Both paths fetch up to 24 recent session messages, keep real text-only user and assistant turns, strip injected memory blocks, and upload the last 12 cleaned messages in the background.

Identical transcripts are deduped per in-memory session state, so a matching idle ingest and compaction ingest share one upload while that session state stays warm.

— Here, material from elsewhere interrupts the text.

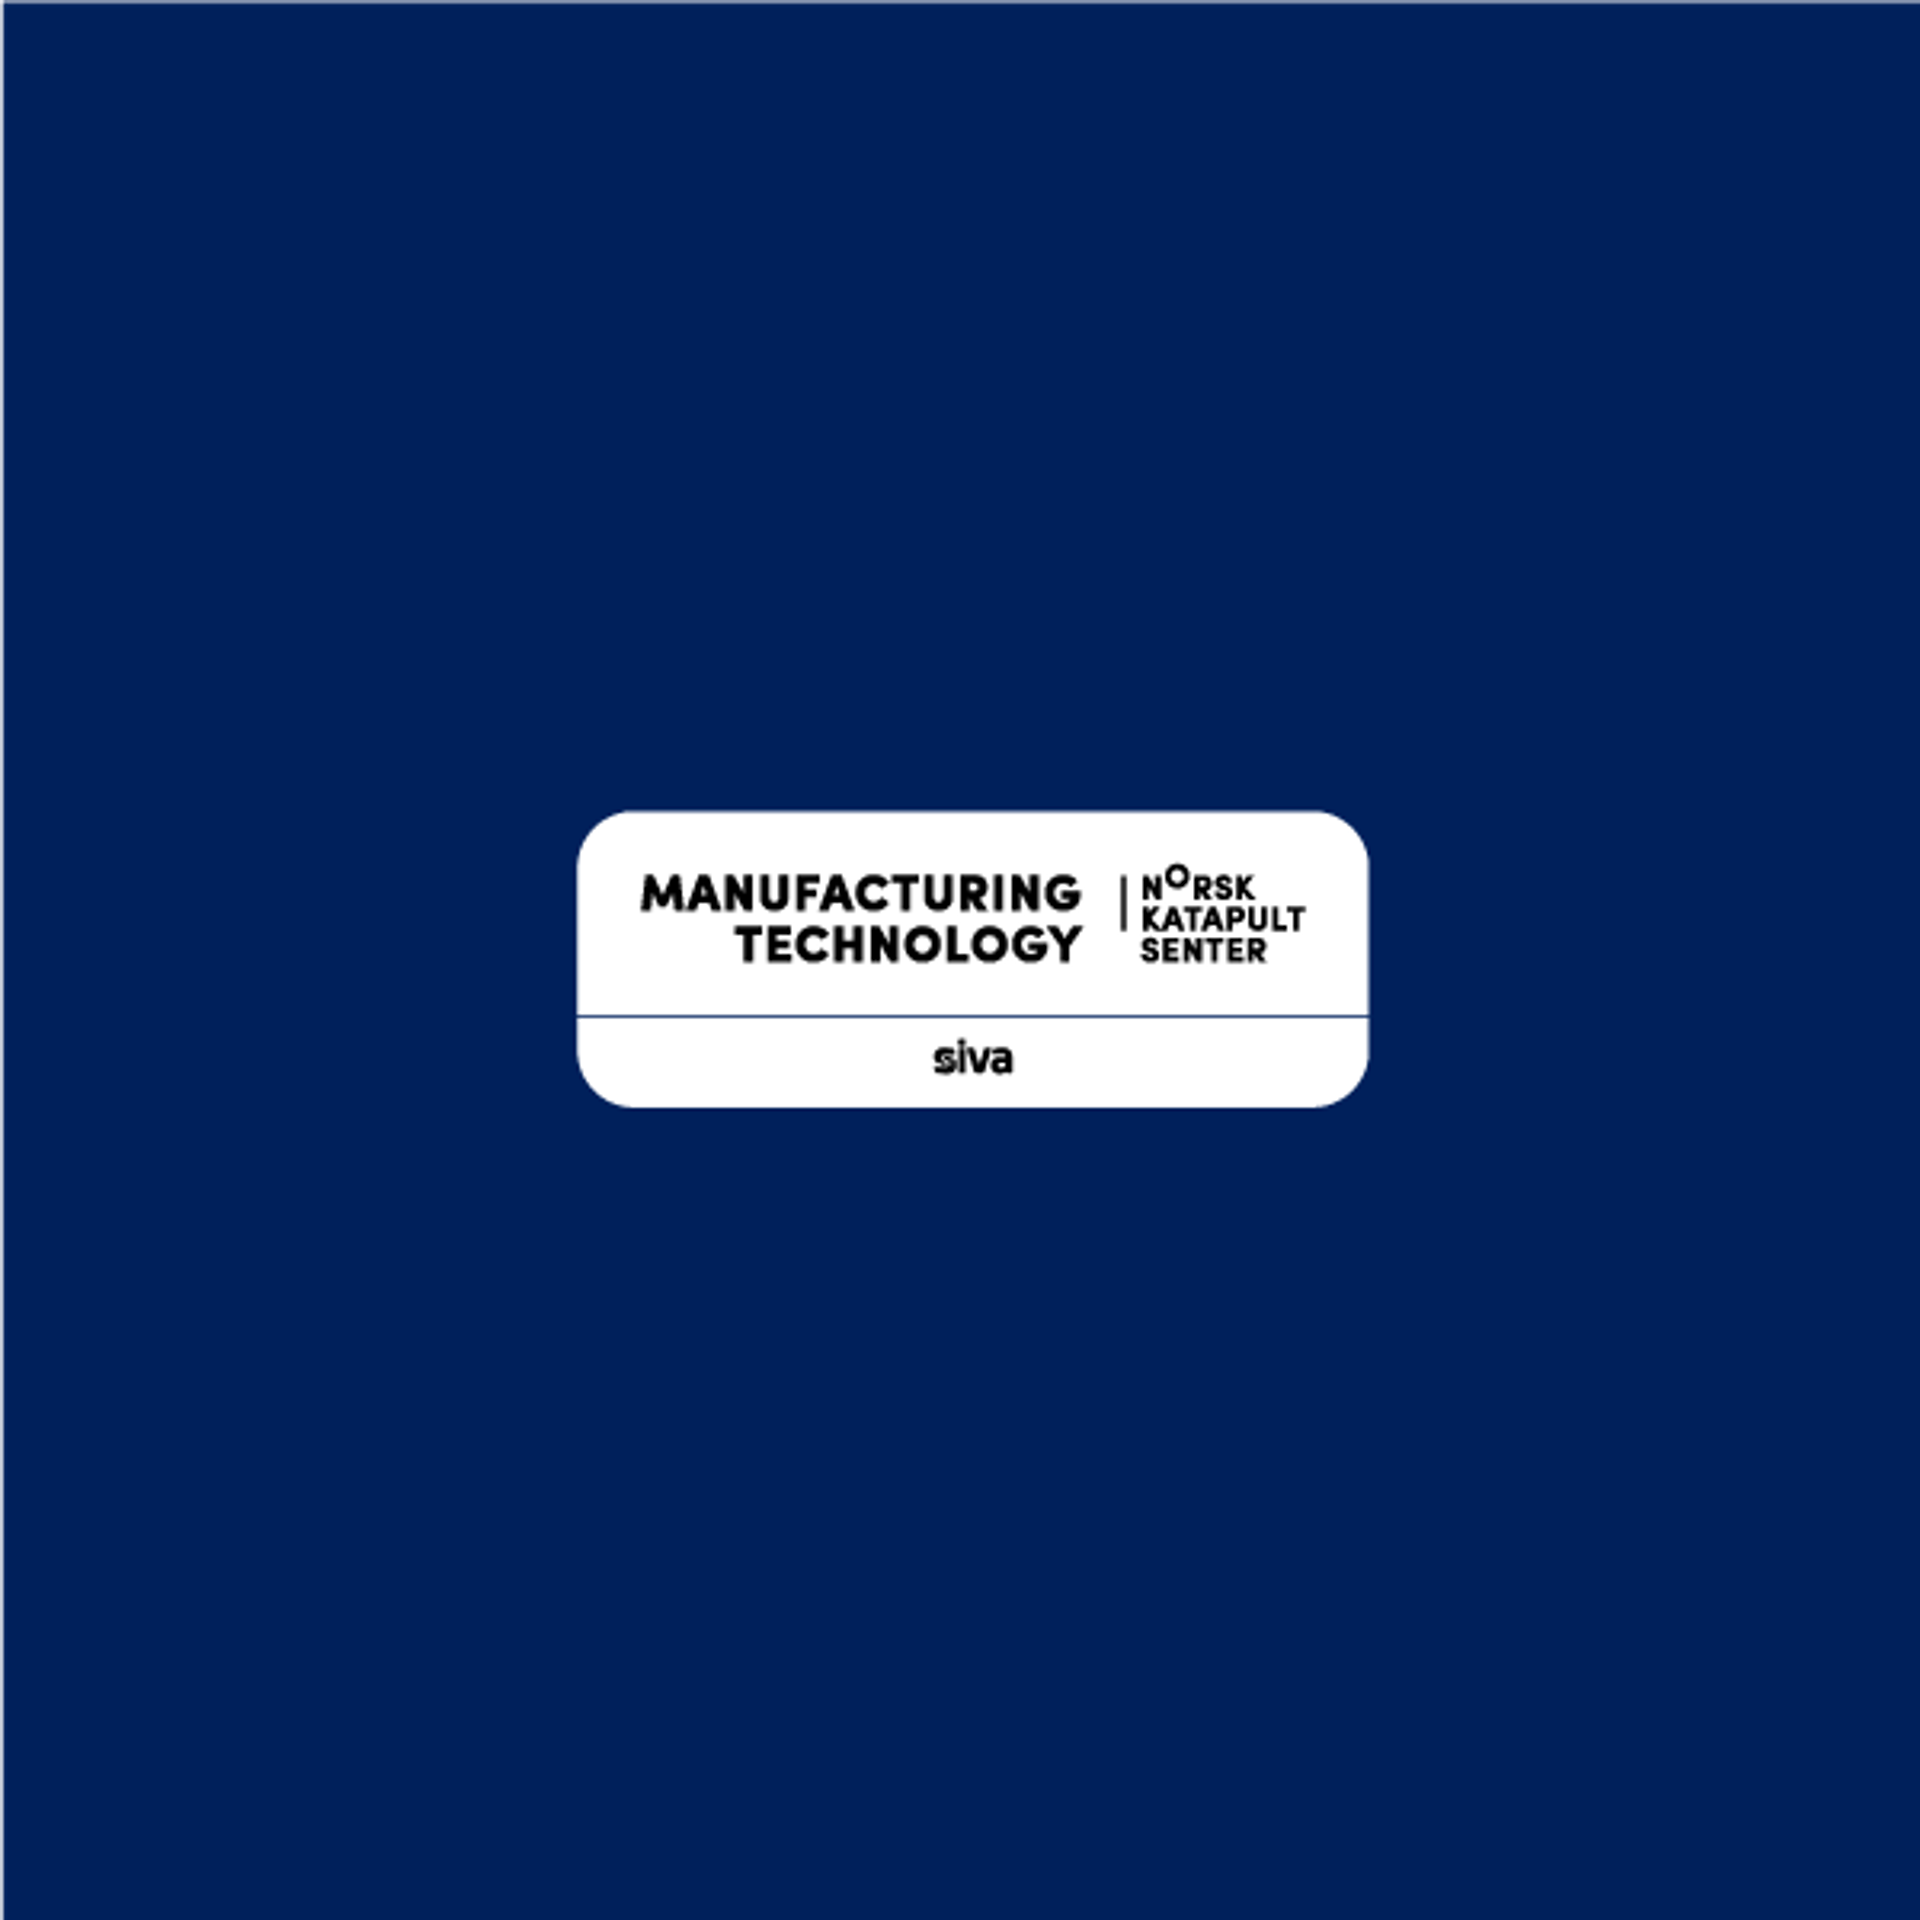 Manufacturing technology logo

Two timing details matter:

  • hook completion happens before the background upload finishes
  • the dedupe window is in-memory and TTL-bound to about 15 minutes, so restart or cache expiry can upload the same transcript again

Tools

The plugin registers these tools:

  • memory_store
  • memory_search
  • memory_get
  • memory_update
  • memory_delete

Troubleshooting

  • Setup pending means the plugin could not find a usable runtime identity. Run /mem9-setup, add MEM9_API_KEY, or point the active mem9.json scope at a profile with a non-empty apiKey.
  • If /mem9-setup is missing, confirm @mem9/opencode is listed in your global tui.json.
  • If recall or tools work in one project and not another, check whether the project has its own .opencode/mem9.json override.
  • If recall, auto-ingest, or debug logs appear to run twice, check for duplicate plugin registration across user scope, project scope, npm, or local file paths.
  • If the selected profile exists but has no apiKey, update that profile in $MEM9_HOME/.credentials.json.
  • If debug logging is enabled and no file appears, confirm OpenCode can write to its state directory.